Given data:
^^^^^^^^
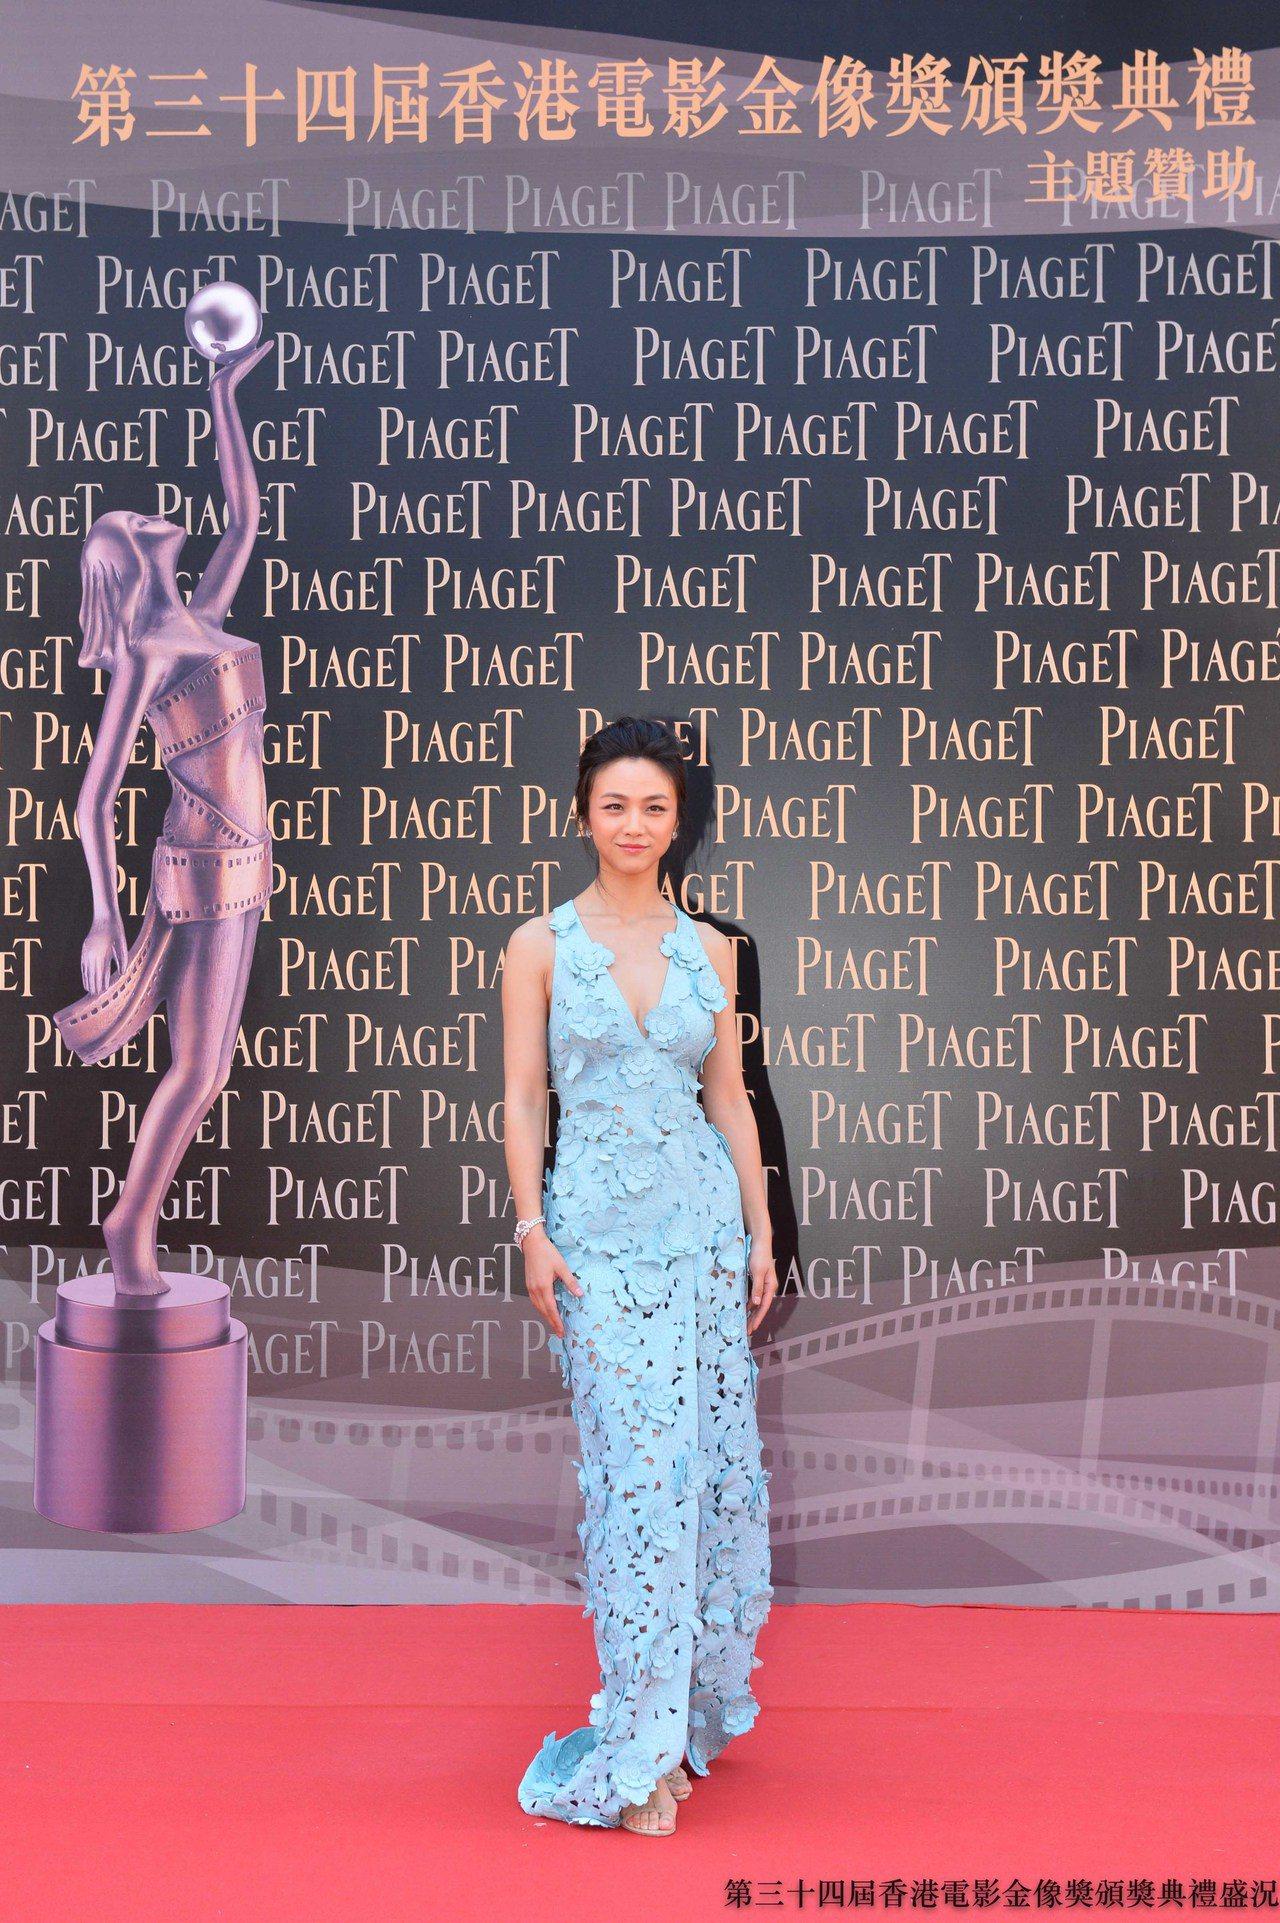 金馬獎得主湯唯配戴伯爵珠寶出席2015年第34屆香港電影金像獎頒獎典禮紅地毯。圖...
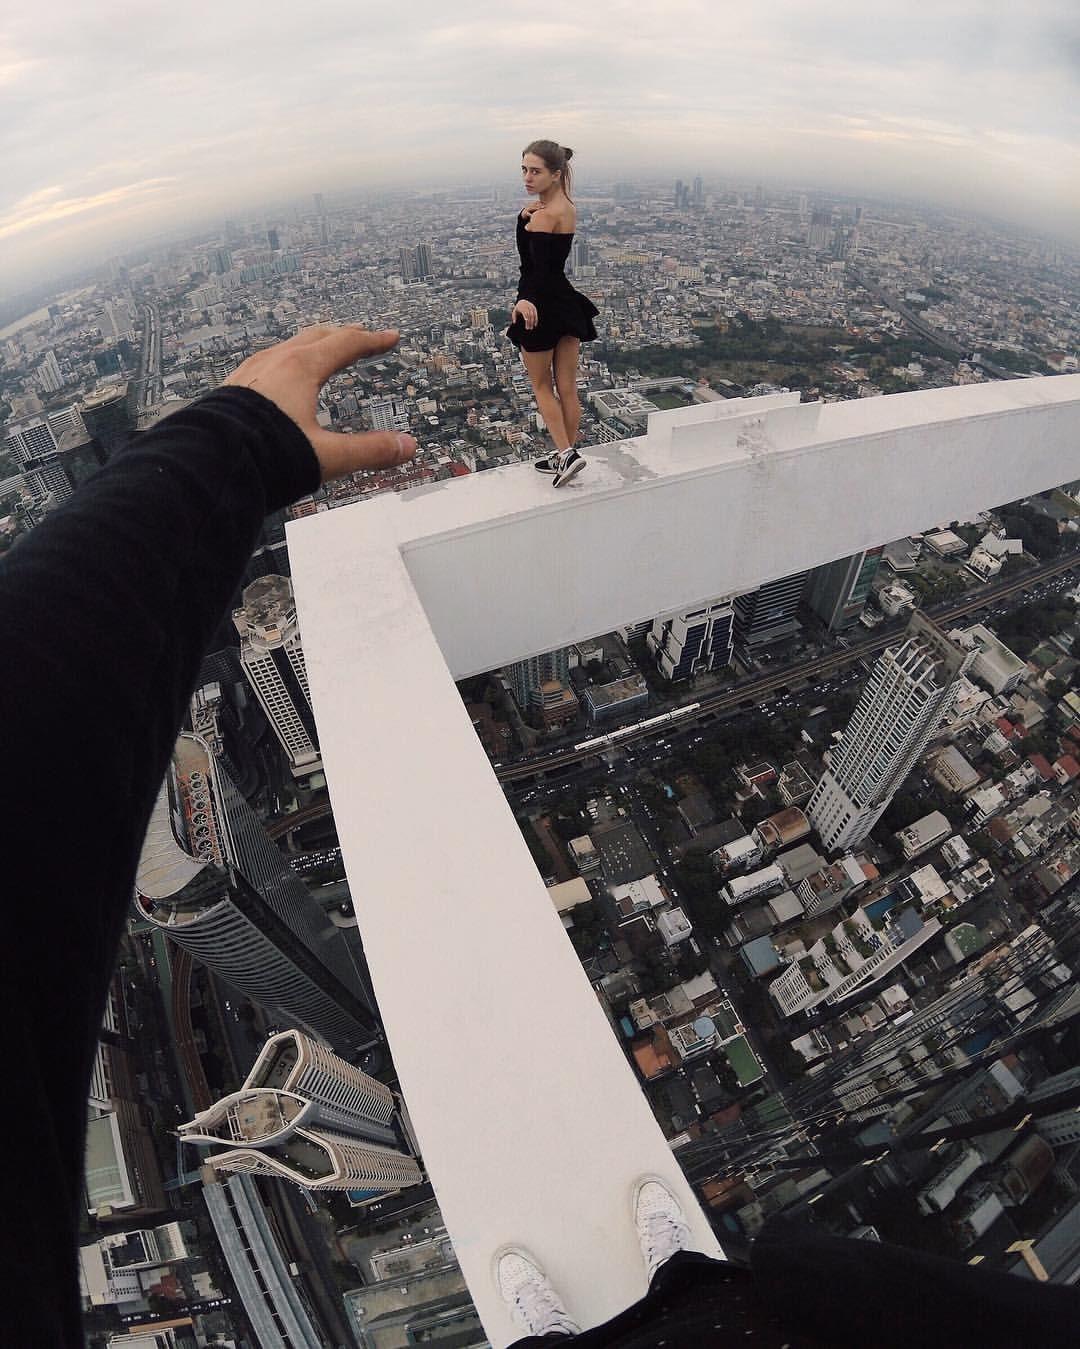 Позитивные фотографии со всего мира(63 фото)
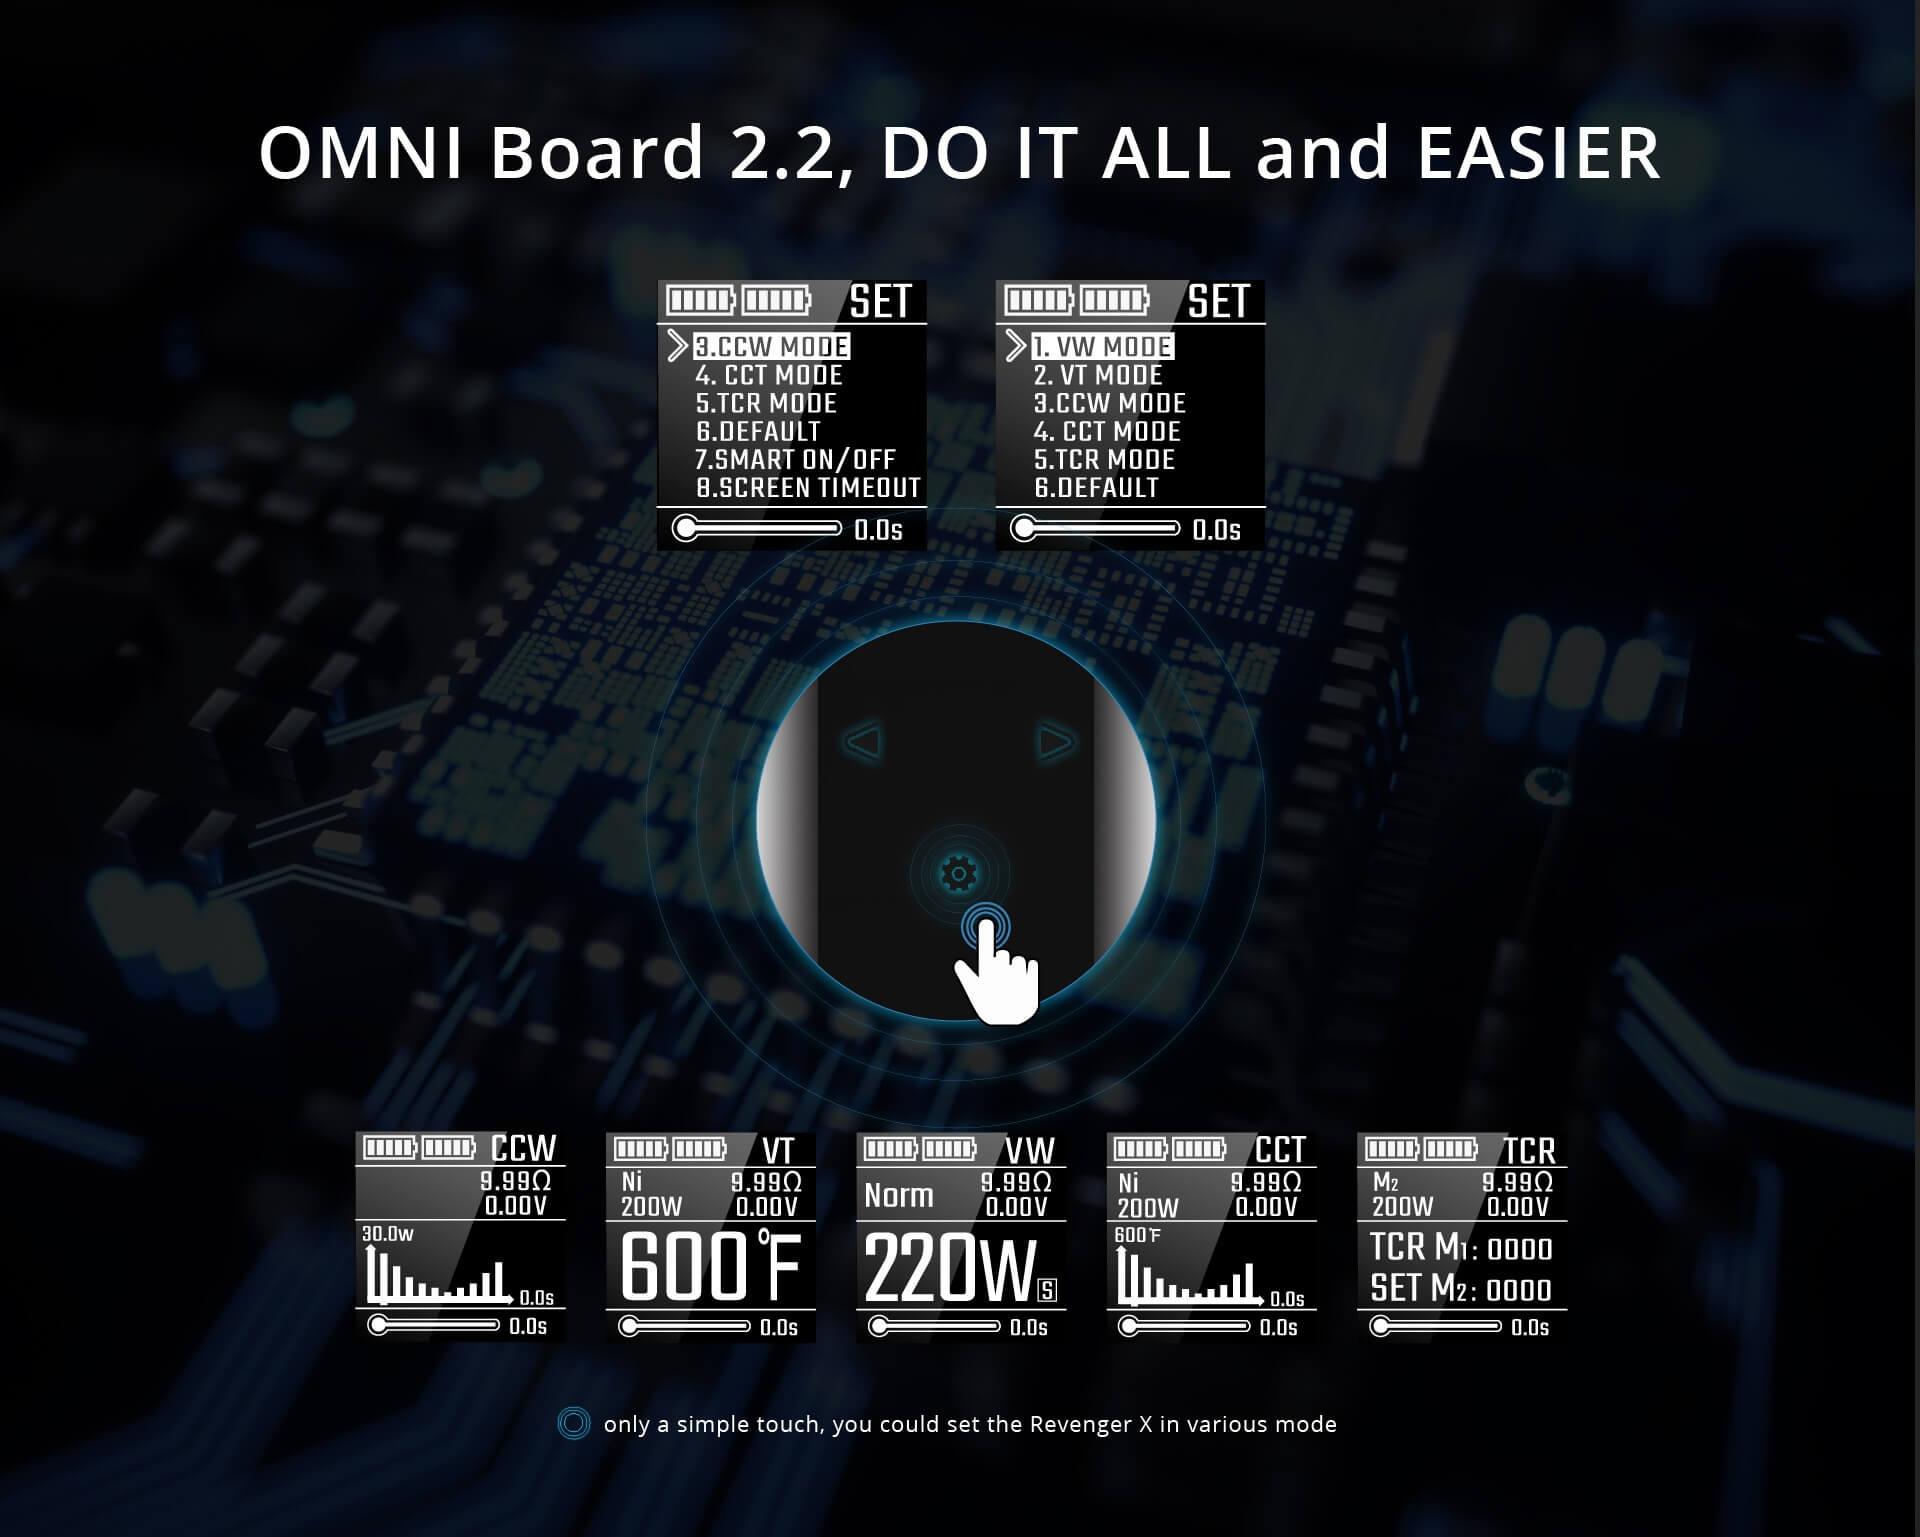 Vaporesso Omni Board 2.2
^^^^^^^^
What you have to do: What is needed is a word-for-word copy of the data, minus its pictures.

Answer space:
 金馬獎得主湯唯配戴伯爵珠寶出席2015年第34屆香港電影金像獎頒獎典禮紅地毯。圖...
 Позитивные фотографии со всего мира(63 фото)
 Vaporesso Omni Board 2.2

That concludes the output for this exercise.